Depuis quelques années, pourtant, le vendredi 13 est passé de l’ombre à la lumière, de la poisse à la veine. Si le vendredi seul ne fait plus peur depuis bien longtemps – devenu jour de RTT par excellence, il est plutôt attendu comme un jour béni des dieux – le chiffre 13 est en passe de devenir un vrai porte-bonheur. Les gentils organisateurs du loto ne sont pas pour rien dans l’affaire. « Depuis quelques années, comme pour conjurer le sort, certains se sont mis à jouer à la loterie, dans l’idée du “malheureux en amour, heureux au jeu”. La Française des jeux s’est engouffrée dans la brèche et a fait un tabac », confie Eloïse Mozzani. En effet, 36 % de Français ne jouent au Loto que les vendredis 13. Et ce quel que soit le milieu ou le niveau d’études. Face aux superstitions, nous sommes tous logés à la même enseigne. « La culture et le niveau d’instruction n’ont aucune incidence sur le fait d’être superstitieux ou non, conclut Eloïse Mozzani. « Les superstitions sont une réponse à la peur et à l’ignorance. C’est un tranquillisant à bon marché. Dans ce domaine, on n’est pas dans l’erreur ou la vérité. C’est une sorte de chaudron mental que chacun accommode à sa guise. »
3 questions à Luce Janin-Devillars psychologue clinicienne
Qu’est-ce que la superstition ?
La superstition relève de la pensée magique. Grâce à elle, le petit enfant, persuadé d’être le maître du monde, a le sentiment de pouvoir obtenir tout ce qu’il désire et empêcher ce qu’il craint qu’il n’arrive. La superstition est en quelque sorte le résidu de cette pensée magique. C’est aussi une sorte de permanence de la pensée primitive des premiers hommes. Cette pensée se fonde sur la coïncidence fortuite. Quand deux événements se produisent simultanément, la pensée primitive croit que l’un des événements est la cause de l’autre...

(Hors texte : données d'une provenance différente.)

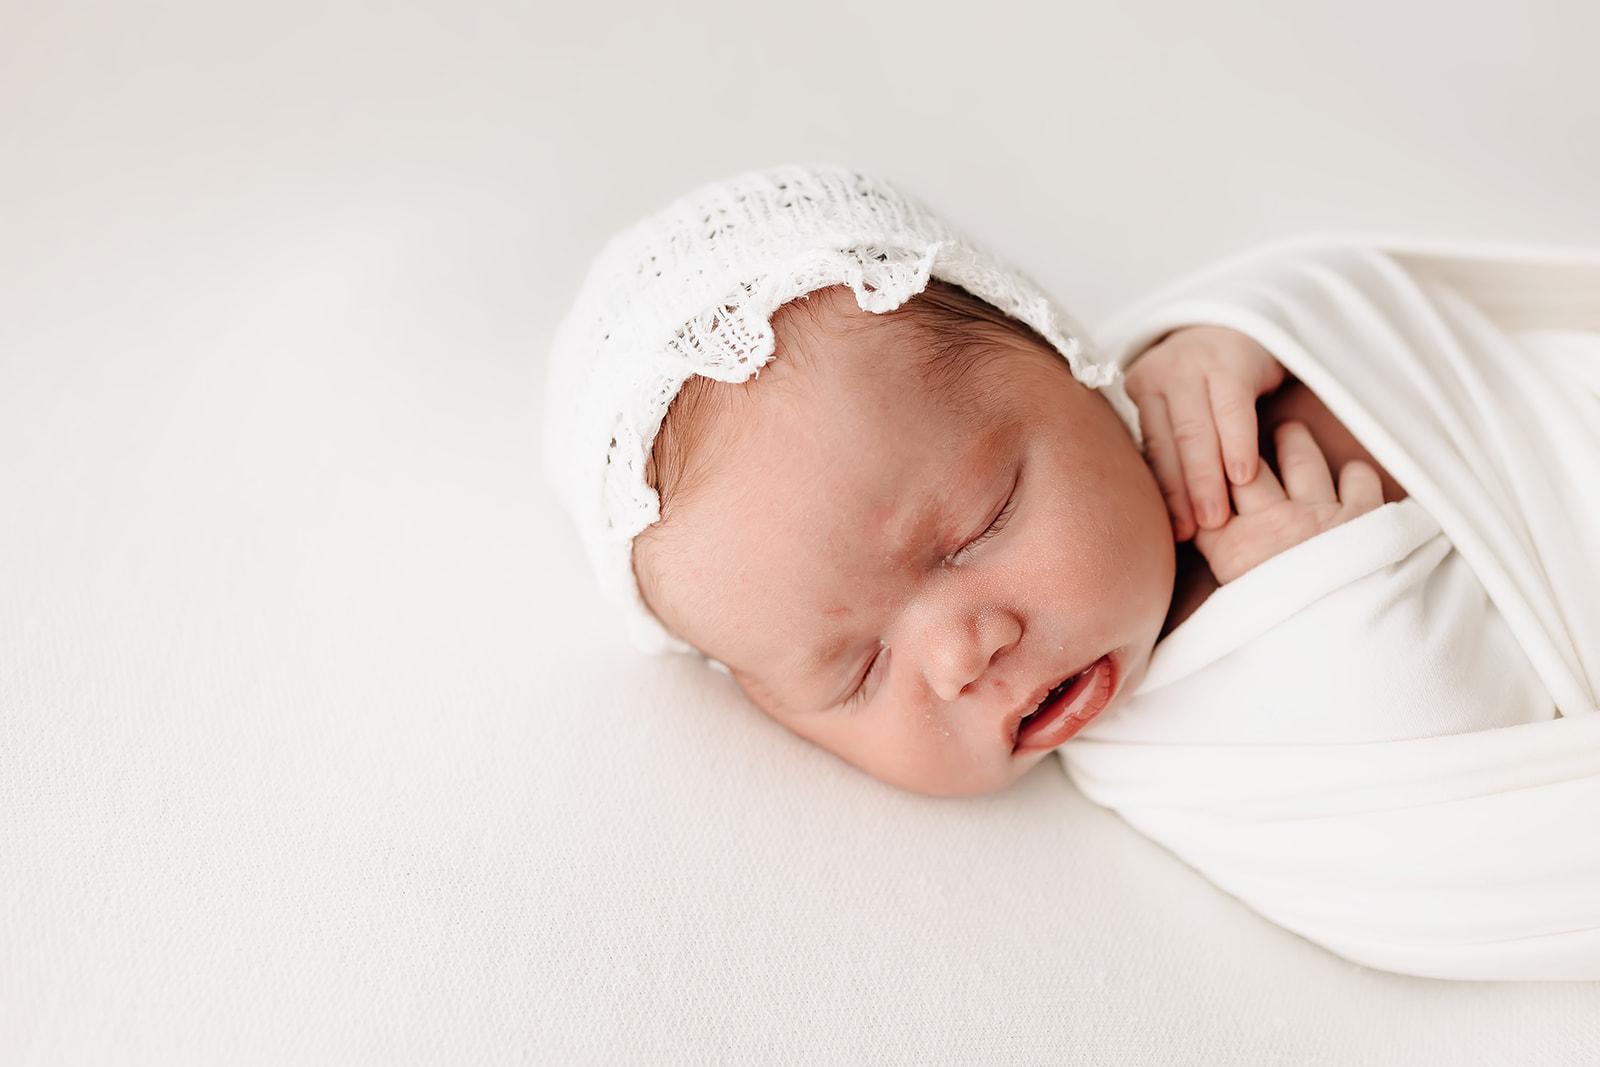 A newborn baby sleeps in a studio on a white bed with hands swaddled under her chin

En quoi peut-elle avoir un impact sur la vie quotidienne ?
La superstition n’a rien à voir avec la réalité. La personne superstitieuse a beau se dire que ce n’est pas vrai, qu’il ne se passera rien de spécial ce vendredi 13, elle ne peut s’empêcher d’y croire. Elle se dit : « Je sais bien, mais quand même... » Plus les gens sont gangrenés par la superstition, plus ils ont peur. Parfois, ils vont même jusqu’à donner raison à la superstition. Dans une sorte de prédiction performative, la superstition agit comme une programmation mentale : je me suis tellement conditionné à avoir un accident que je finis par en avoir un.
Est-il difficile de s’en débarrasser ?
Les superstitions sont très dures à vaincre, car on a beau essayer de rationaliser, c’est toujours le cerveau émotionnel qui prend le dessus.